• **Source material**:
★ ★ ★ ★ ★ ★ ★

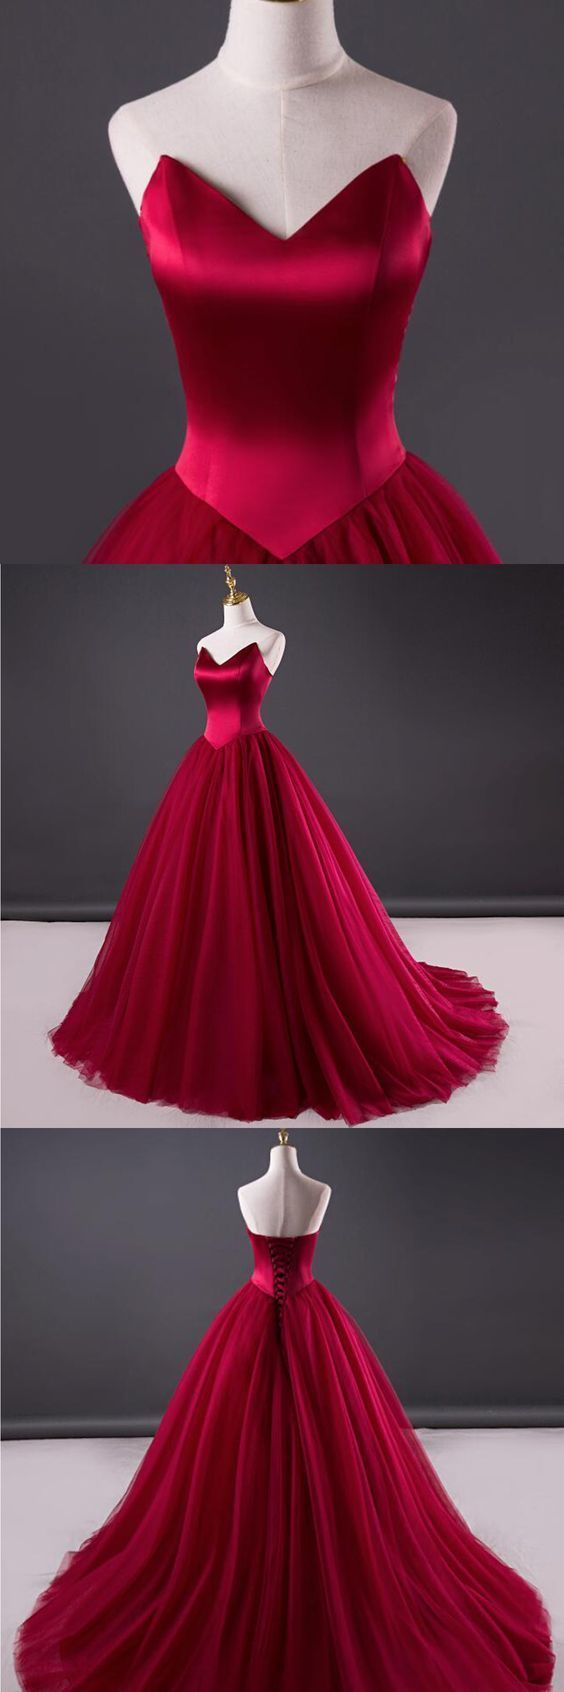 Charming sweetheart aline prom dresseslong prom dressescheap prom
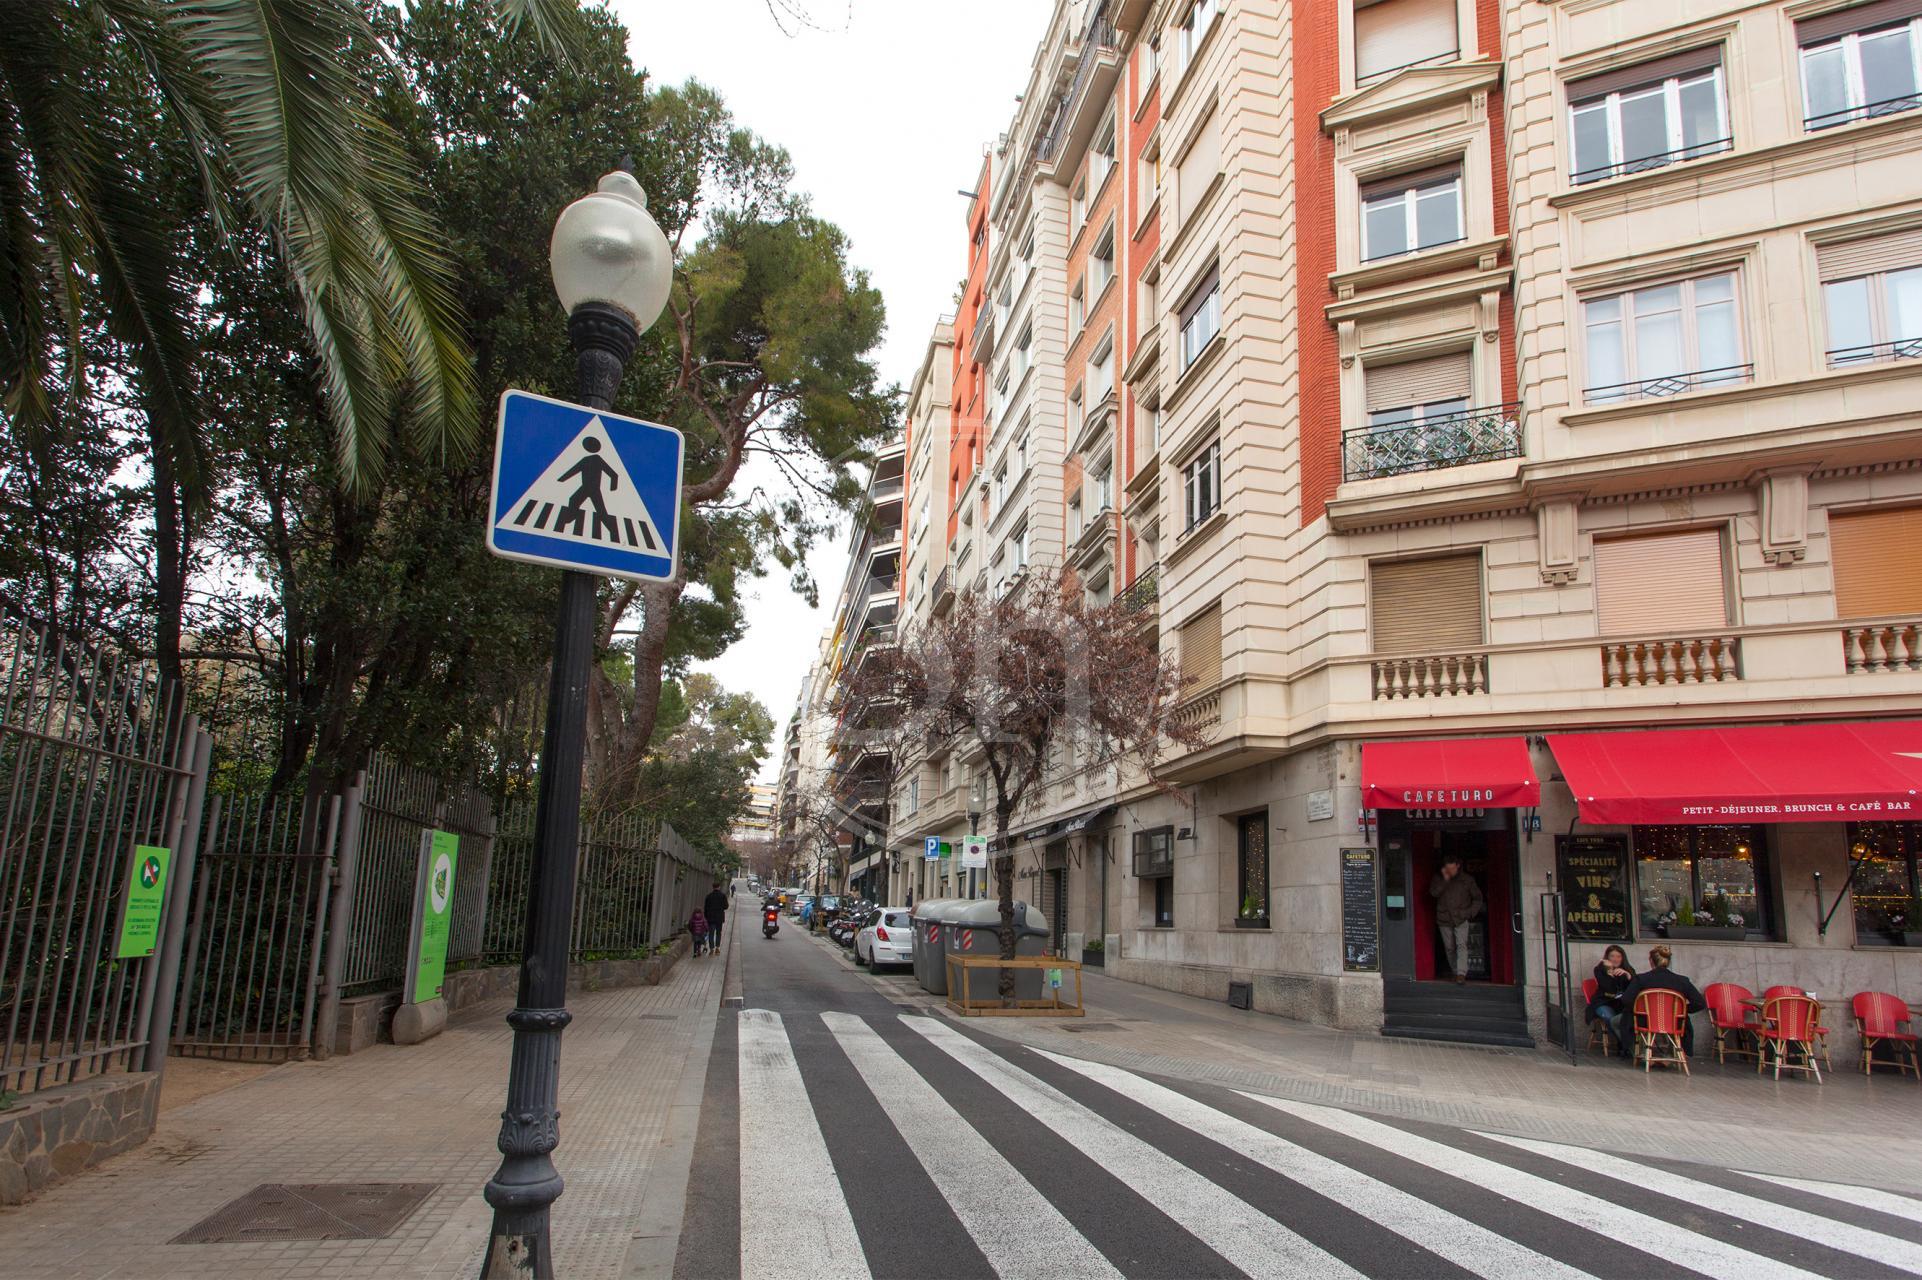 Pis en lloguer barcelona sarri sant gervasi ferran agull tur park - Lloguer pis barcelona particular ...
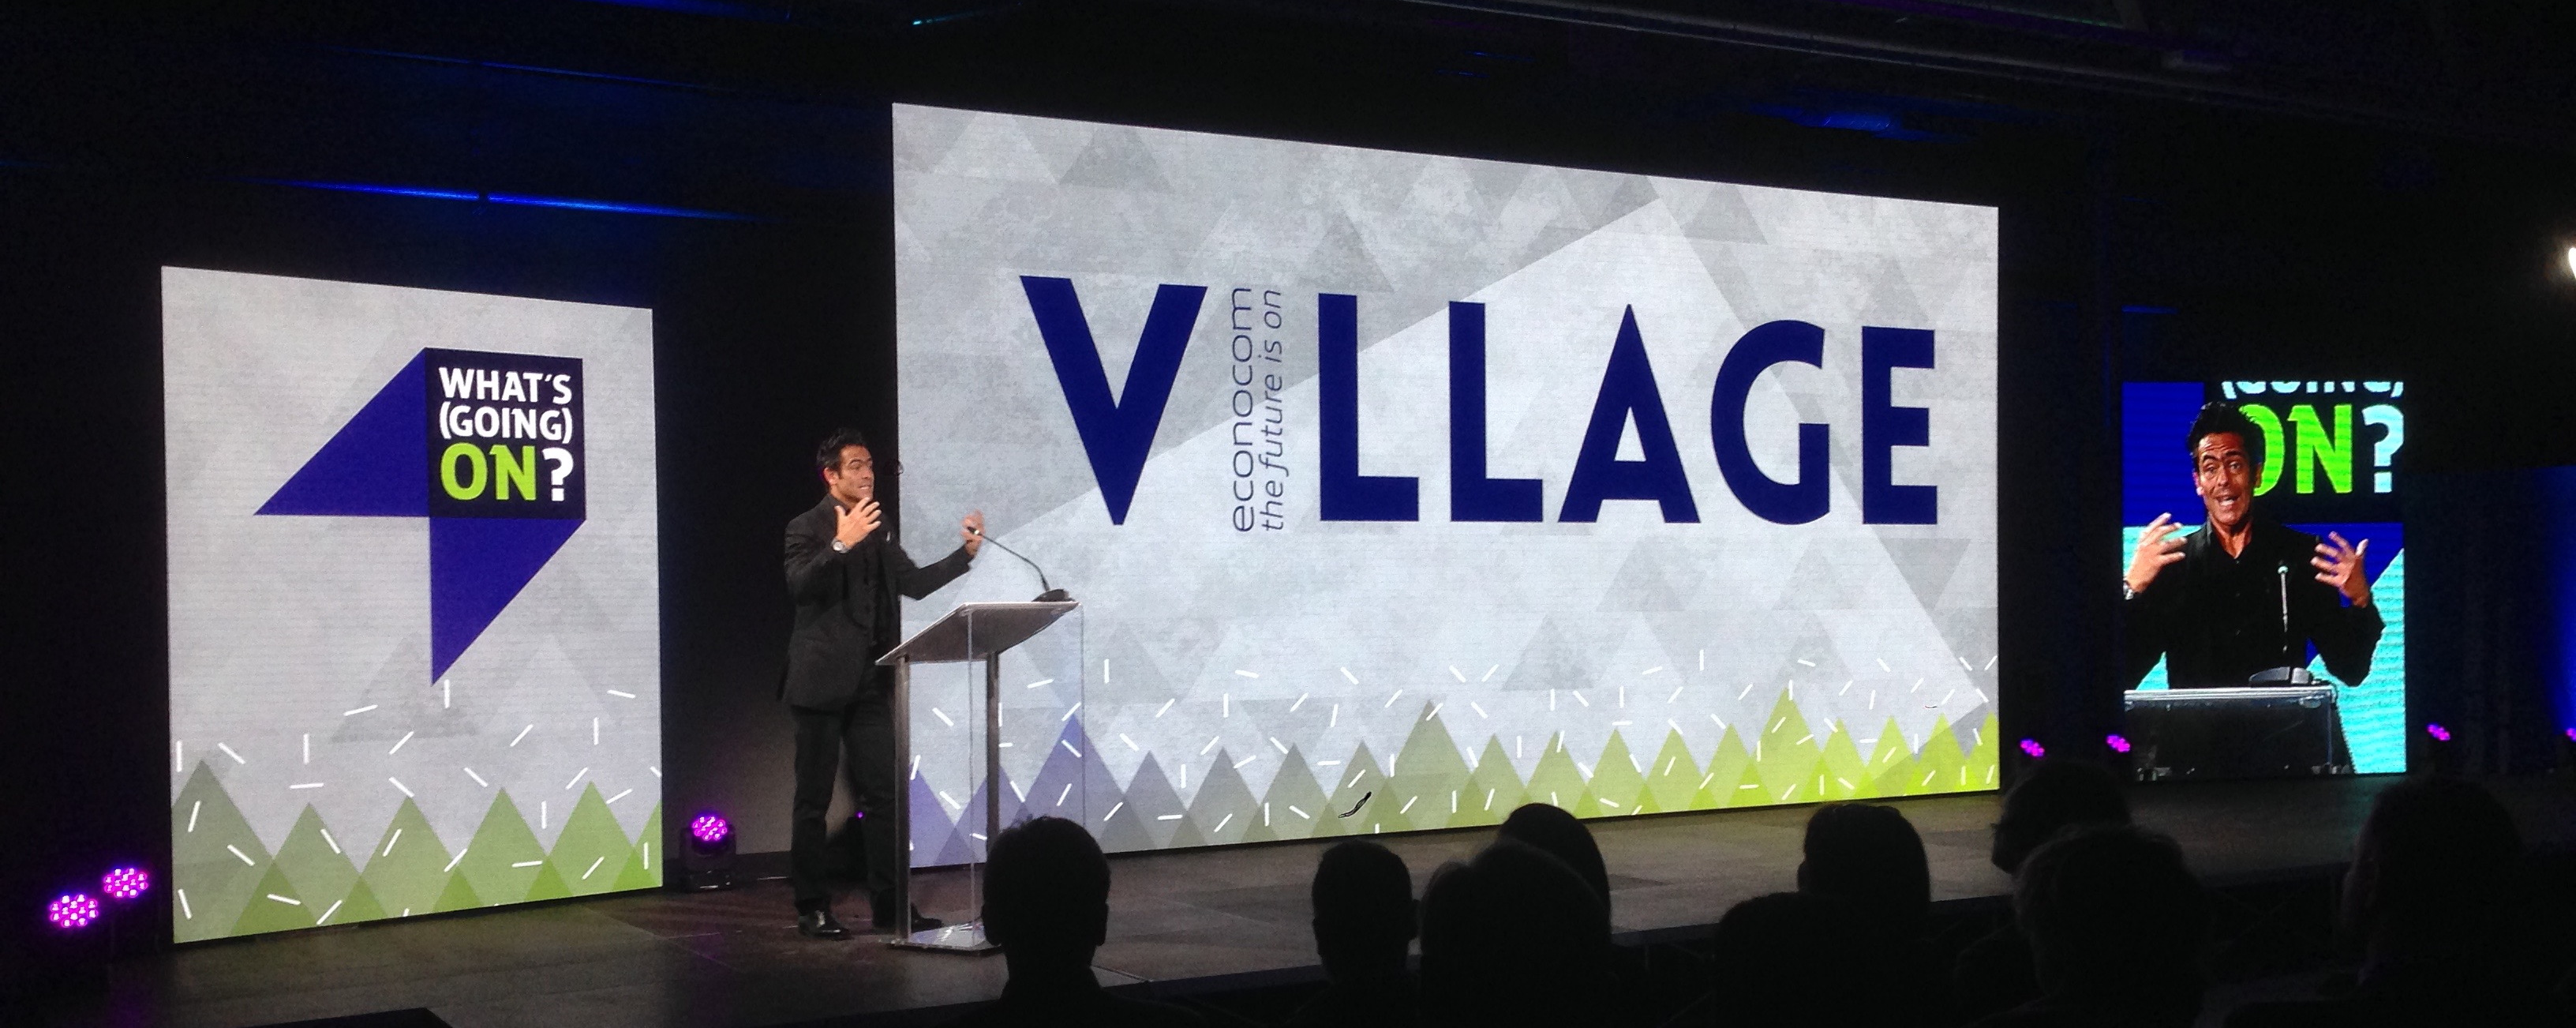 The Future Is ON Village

★ ★ ★ ★ ★ ★ ★

• **What the task requires**:
Repeat word for word only the lines from the line holding "Pis en lloguer" to the final line of the material, both included. Don't carry over any picture.

• **Problem solution**:
 Pis en lloguer barcelona sarri sant gervasi ferran agull tur park - Lloguer pis barcelona particular ...
 The Future Is ON Village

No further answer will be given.